Aggiornamento: 23 set 2023



Più di 30 anni fa, durante il mio periodo trascorso nell'Ashram in India, ho ricevuto da un Swami un quadro di Durga come regalo di compleanno.


Ero sorpresa e ho chiesto allo Swami: "Ma perché Durga?". La sua risposta mi ha profondamente colpito: "Per ricordarti che hai la forza di Durga dentro di te. Durga è la Madre divina che rimane sempre al tuo fianco durante la tua vita. Se attraversi momenti difficili, chiedi il suo aiuto. Il suo amore non ti abbandonerà mai".


Anche dopo più di 30 anni, tengo ancora questo quadro sempre vicino a me.

Mi avvolge con un senso di amore e supporto interiore. Mi ricorda che posso attingere alla forza di Durga quando ne ho bisogno. Mi fa sentire che la sua presenza amorevole è sempre presente nella mia vita.


Durga, la divina madre, è un simbolo di protezione e potere. La sua presenza rassicurante ci infonde coraggio e ci ricorda che possiamo superare ogni sfida che si frappone sul nostro cammino.

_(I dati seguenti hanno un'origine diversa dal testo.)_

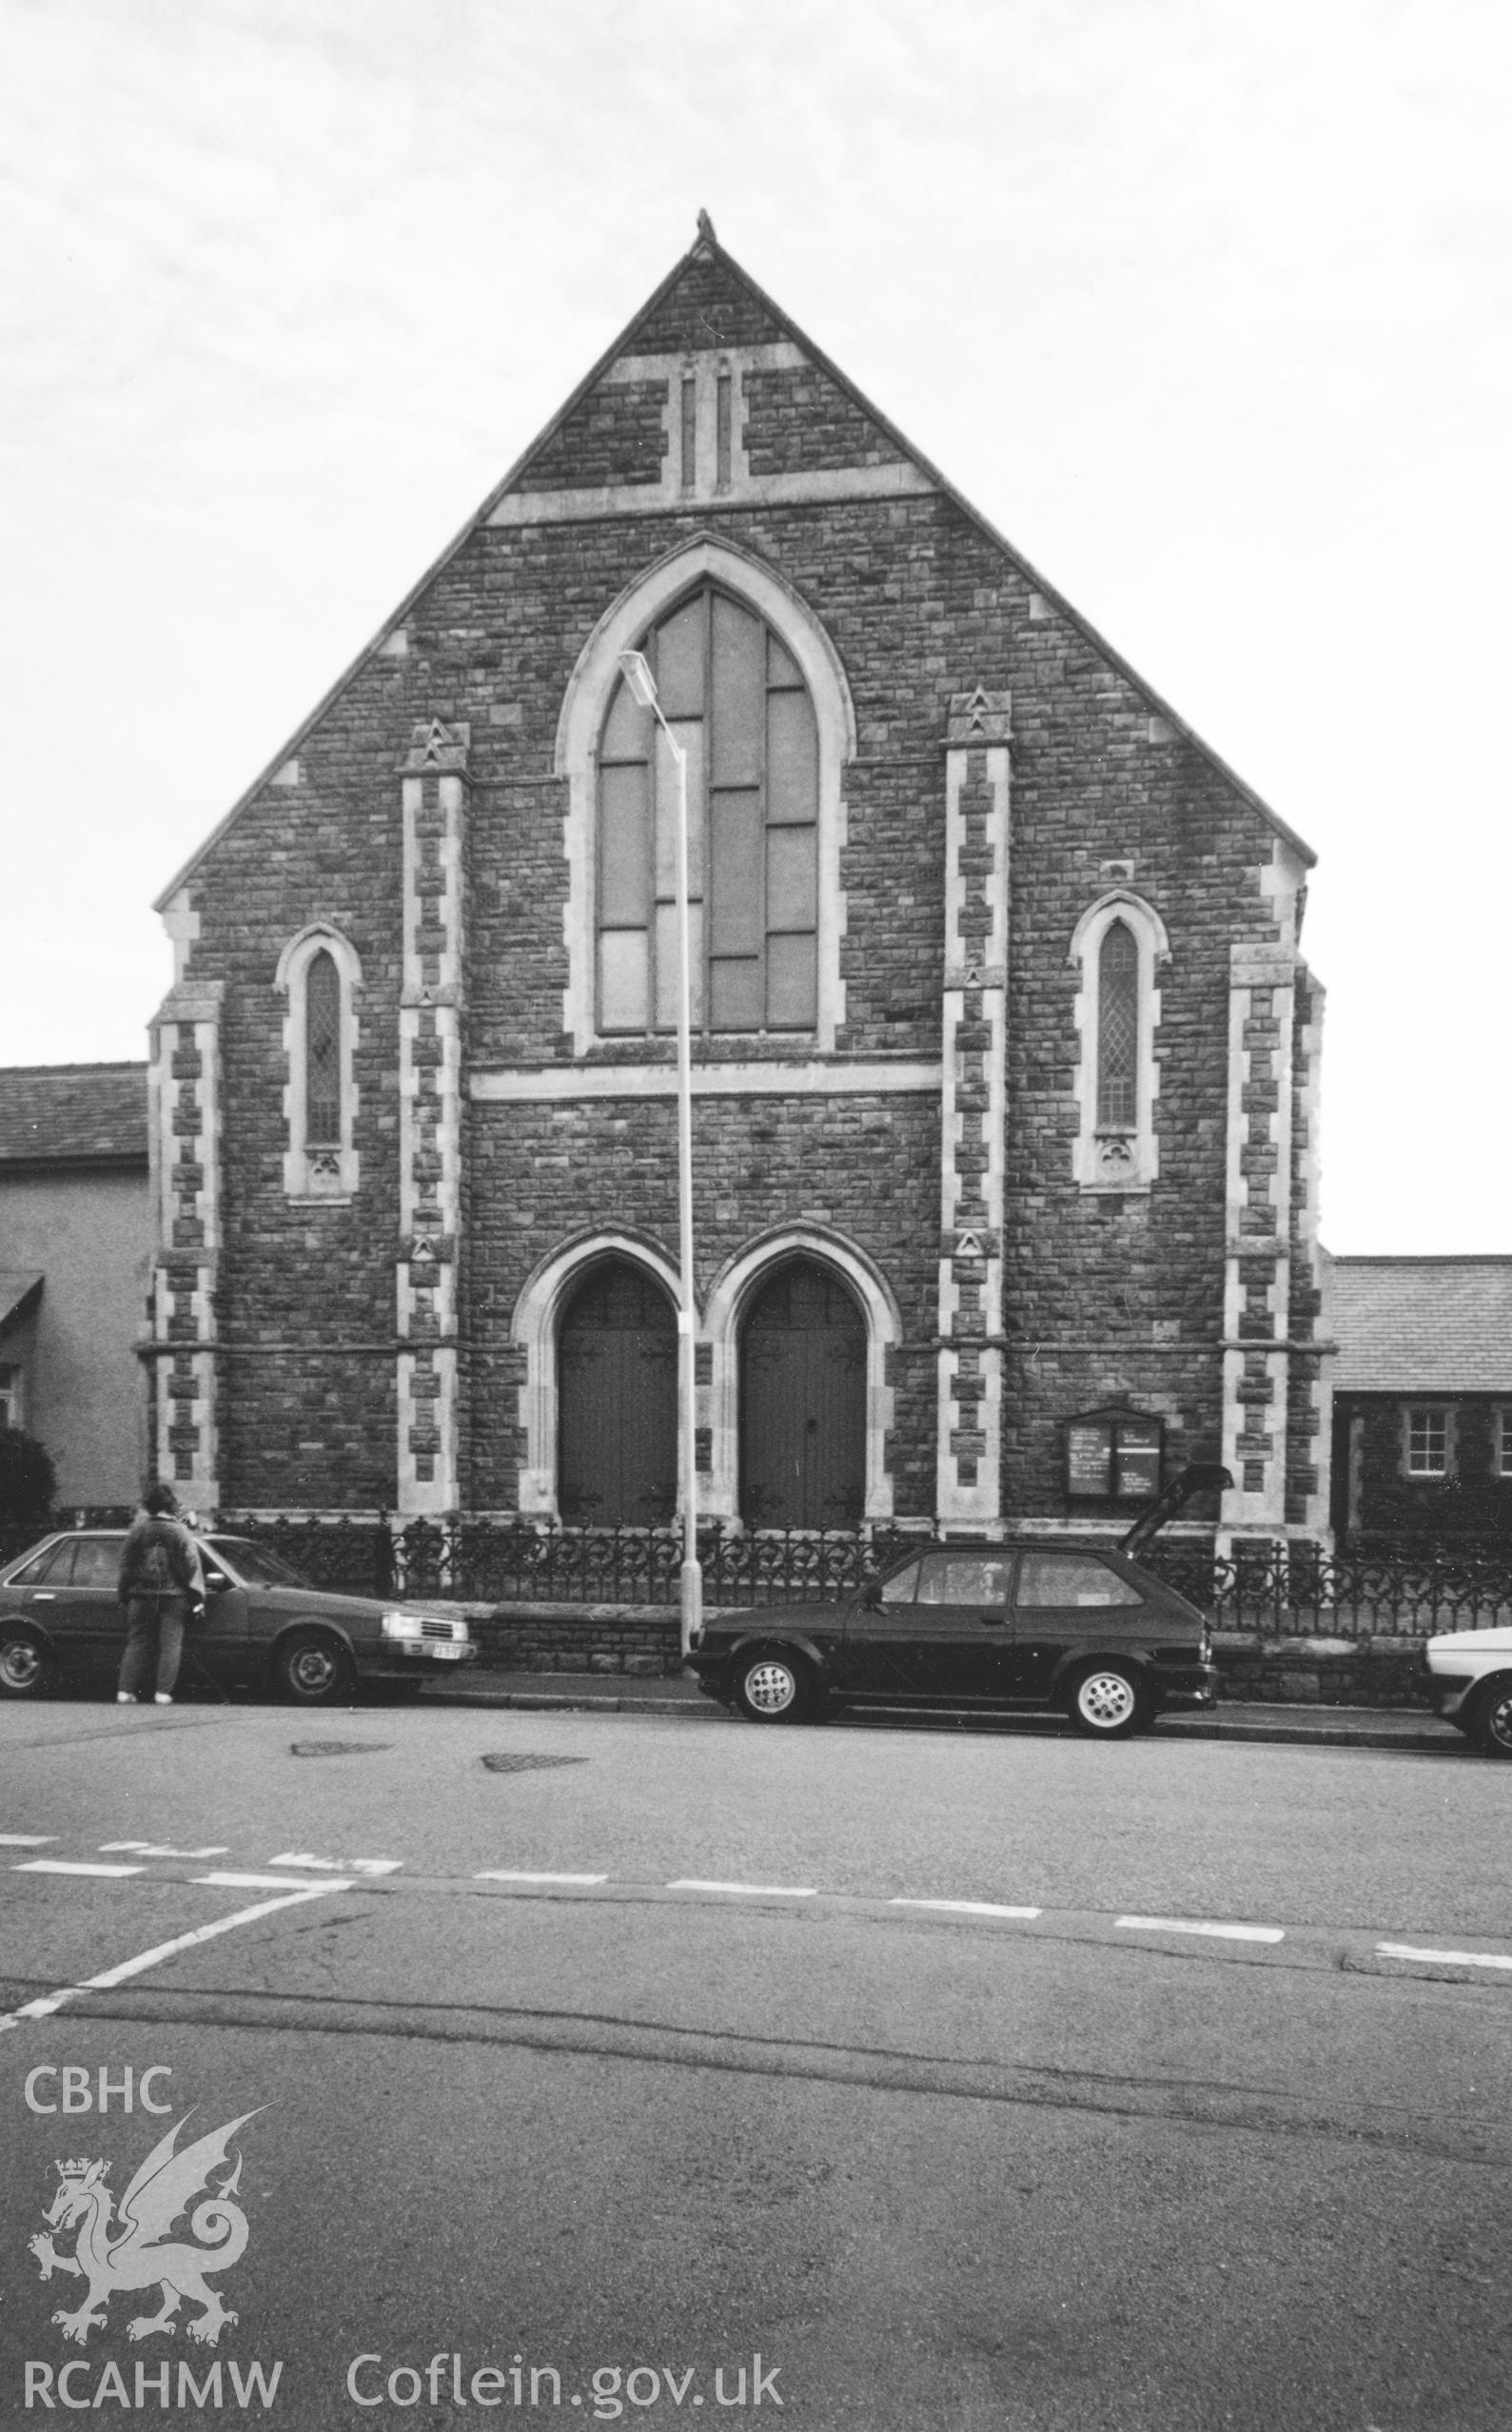 Digital copy of a black and white photograph showing an exterior view of Priory Road Wesleyan Methodist Chapel, Milford Haven, taken by Robert Scourfield, c.1996.
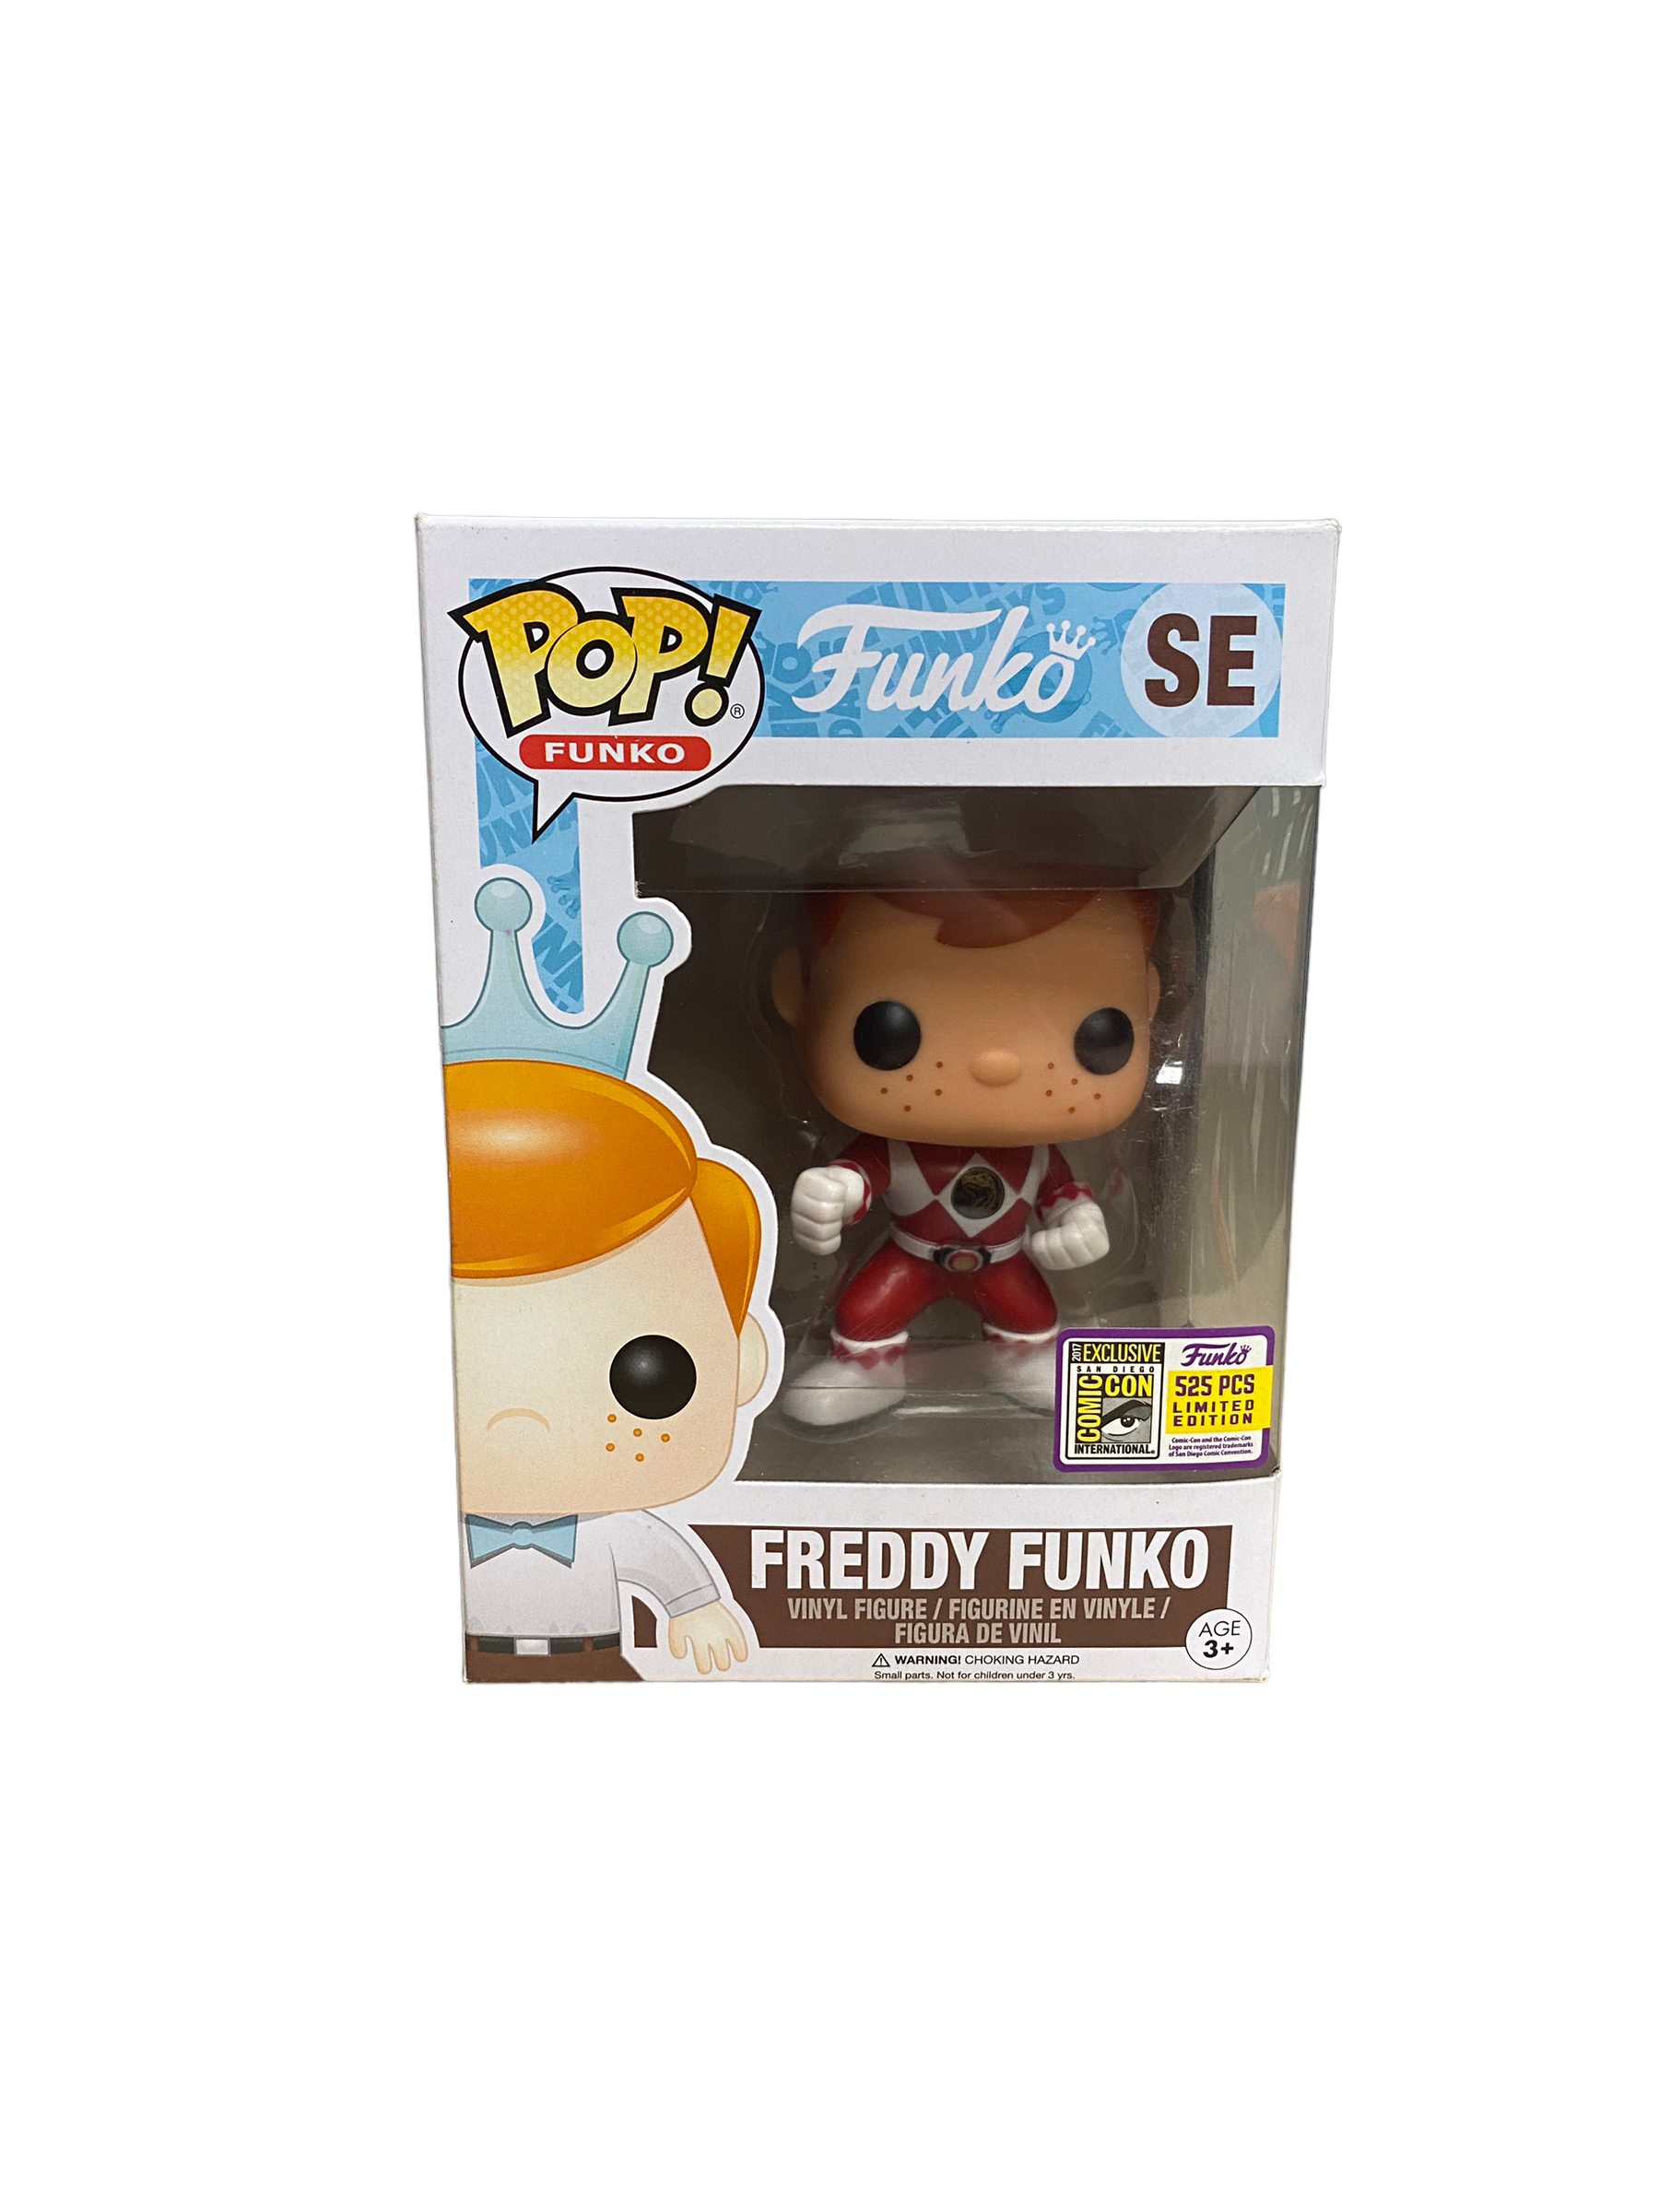 Freddy Funko as Red Ranger Funko Pop! - SDCC 2017 Exclusive LE525 Pcs - Condition 8.5/10

Non conosce paura, poiché sa che la sua forza risiede nella sua connessione con il divino.


Attraverso la sua saggezza e amorevole compassione, Durga ci insegna che le nostre azioni sono un mezzo per offrire il meglio di noi stessi al mondo.

Ci incoraggia a trovare il nostro potenziale interiore e a utilizzarlo per il bene comune. Ci sprona a combattere l'ingiustizia e a diffondere la gentilezza e l'amore in ogni angolo del nostro essere.


Come madre universale, Durga ci avvolge con le sue braccia protettive e ci nutre con il suo amore incondizionato.


Ci ricorda che siamo parte di un tutto più grande e che ognuno di noi ha un ruolo significativo da svolgere nel tessuto dell'esistenza.



Che siamo uomini o donne, troviamo forza e ispirazione nel ricordo del potere di Durga. Lei è il riflesso della forza che risiede in ognuno di noi, una forza che può trasformare il mondo se solo crediamo in noi stessi e nel potenziale illimitato che abbiamo dentro di noi.


Immagina di trovarti in un campo di battaglia, fumante e caotico.

I guerrieri cadono uno dopo l'altro, sconfitti da un demone apparentemente invincibile.

Ma all'orizzonte, un bagliore si avvicina, portando con sé una presenza tanto feroce quanto amorevole.

Questa è Durga, la dea invincibile, la madre divina, la guerriera che non conosce paura.


Nella mitologia indiana, c'è una storia affascinante che riguarda Durga.


Un demone di nome Mahishasura stava causando la distruzione dell'universo e nessun dio poteva sconfiggerlo a causa del dono che gli era stato concesso da Brahma, che lo rendeva invulnerabile a qualsiasi essere maschile.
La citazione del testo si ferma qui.